DENVER – People turned out in droves yesterday for a meeting of the Metropolitan State University of Denver’s (MSU) Board of Trustees to consider whether or not to provide a special discount to illegal alien students.
Currently, illegal alien students must pay the same tuition as out-of-state U.S. citizen students.
The Board’s controversial decision to grant a lower tuition rate to illegal immigrants met with cheers from many in attendance, but critics charge that the proposal is bad for the school’s reputation, circumvents the will of the legislature, violates federal law, and will make Colorado a magnet for more illegal immigration.
Under Metro’s plan, a new, reduced tuition rate would be provided to illegal immigrants who have attended a Colorado high school for at least three years, graduated (or obtained a GED), and are seeking legal status.
MSU Denver has been working on the proposal since October and finally approved the program yesterday.
The board clearly expected a contentious debate. Board Chair Robert Cohen even felt the need to lay down some ground rules for the morning’s discussion.
“It’s about respect and freedom of speech on both sides,” Cohen said, explaining that everyone was to have a chance to speak.
There was little debate, however, as the board discussed the issue and allowed audience members voice their opinions. Most attendees spoke in favor of the controversial new policy, which the board ultimately voted to approve 7-1.
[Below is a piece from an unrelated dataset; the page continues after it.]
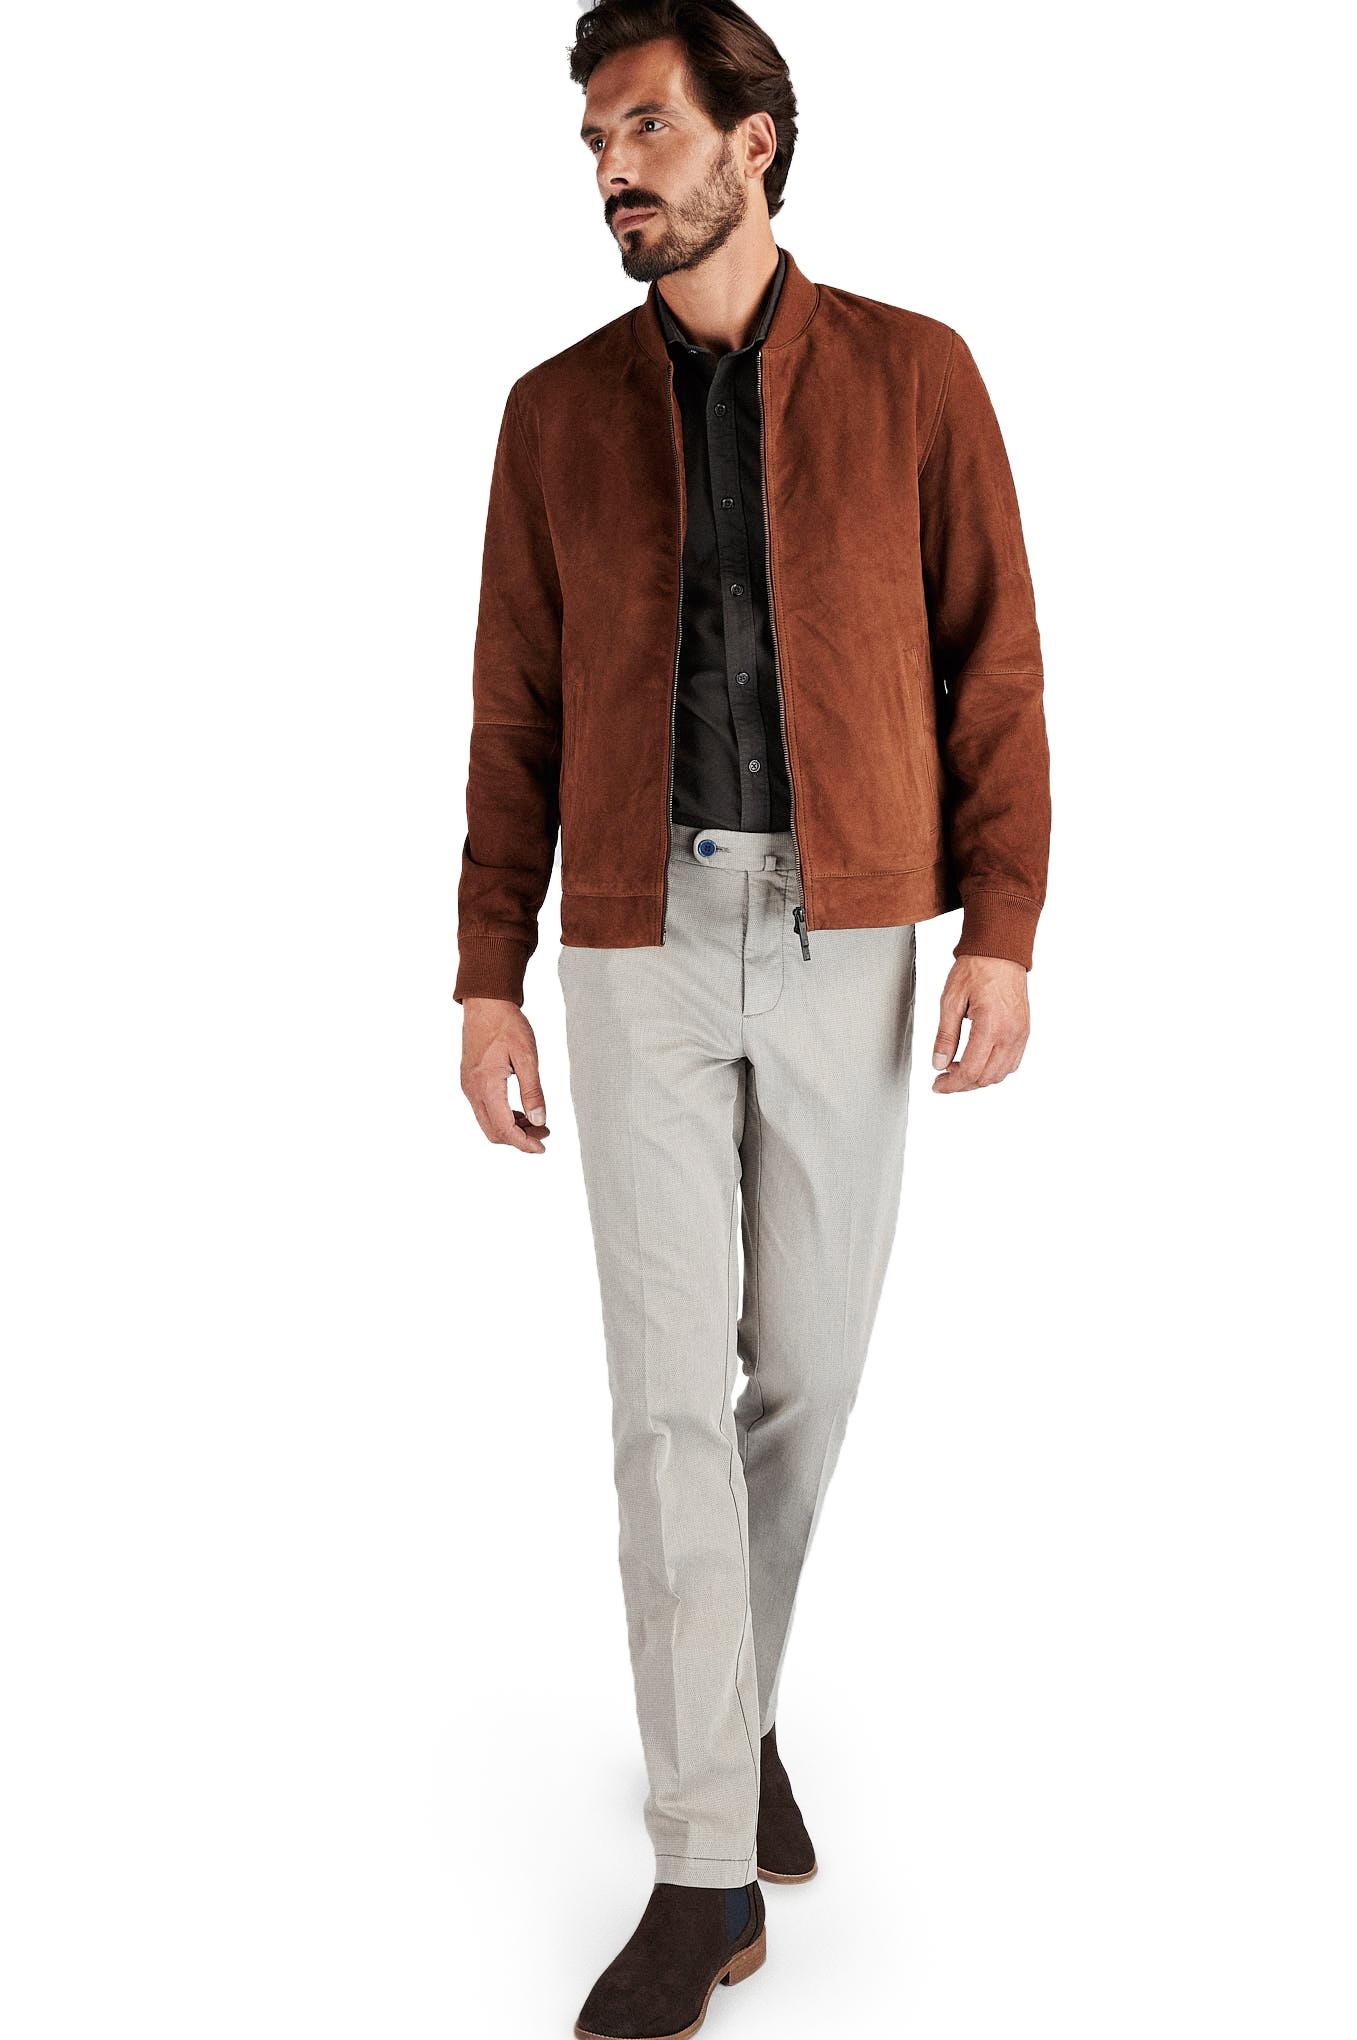 Leather Jacket Caramel Casual Man
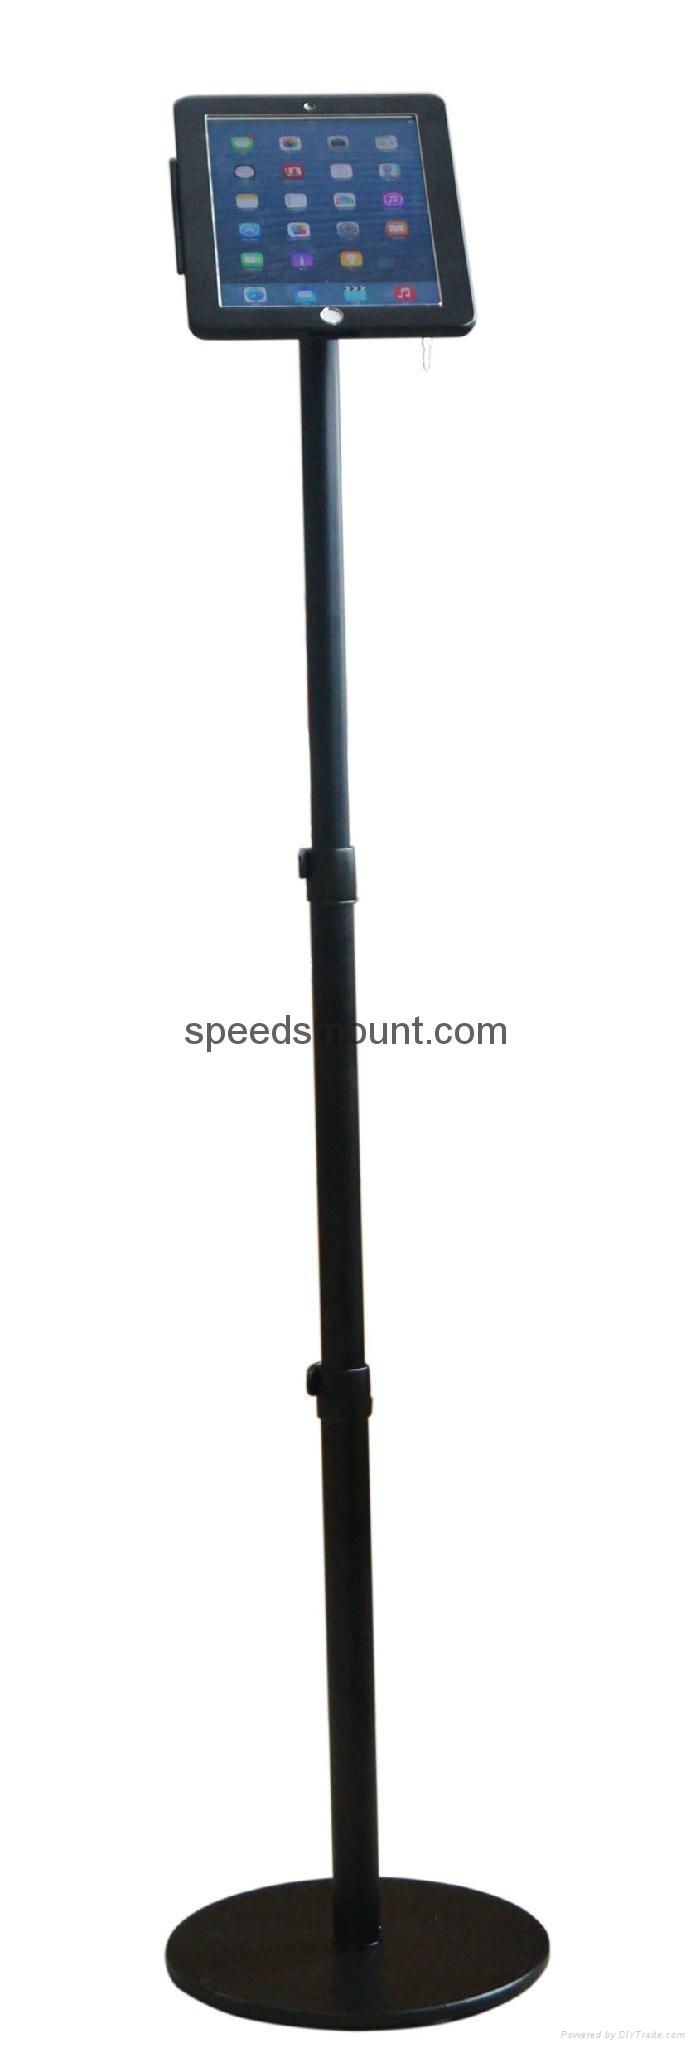 P25007 IPAD stand height adjustable whatsapp +65 84984312 singapore stock  2

One person, Joe Farber, testified against the policy. “I consider this [the new tuition policy] a low blow to education,” Farber said.
Though there weren’t many other dissenting voices at the meeting, arguments against the new tuition measure are many and varied.
Some note that the legislature has already rejected tuition discounts for illegal aliens on numerous occasions, most recently earlier this year.
The Advancing Students for a Stronger Economy Tomorrow (ASSET) bill, which would have created a framework identical to the one the MSU board approved, was rejected by the legislature in April.
Critics also charge that federal law bars tuition discounts for illegal aliens, unless the same discount is provided to all U.S. citizen students, regardless of their state of residence – potentially costing the state millions of dollars.
The operative section of the 1996 law, 8 USC 1623, which was approved by a GOP-controlled Congress and signed into law by then-President Clinton, reads:
Notwithstanding any other provision of law, an alien who is not lawfully present in the United States shall not be eligible on the basis of residence within a State (or a political subdivision) for any postsecondary education benefit unless a citizen or national of the United States is eligible for such a benefit (in no less an amount, duration, and scope) without regard to whether the citizen or national is such a resident.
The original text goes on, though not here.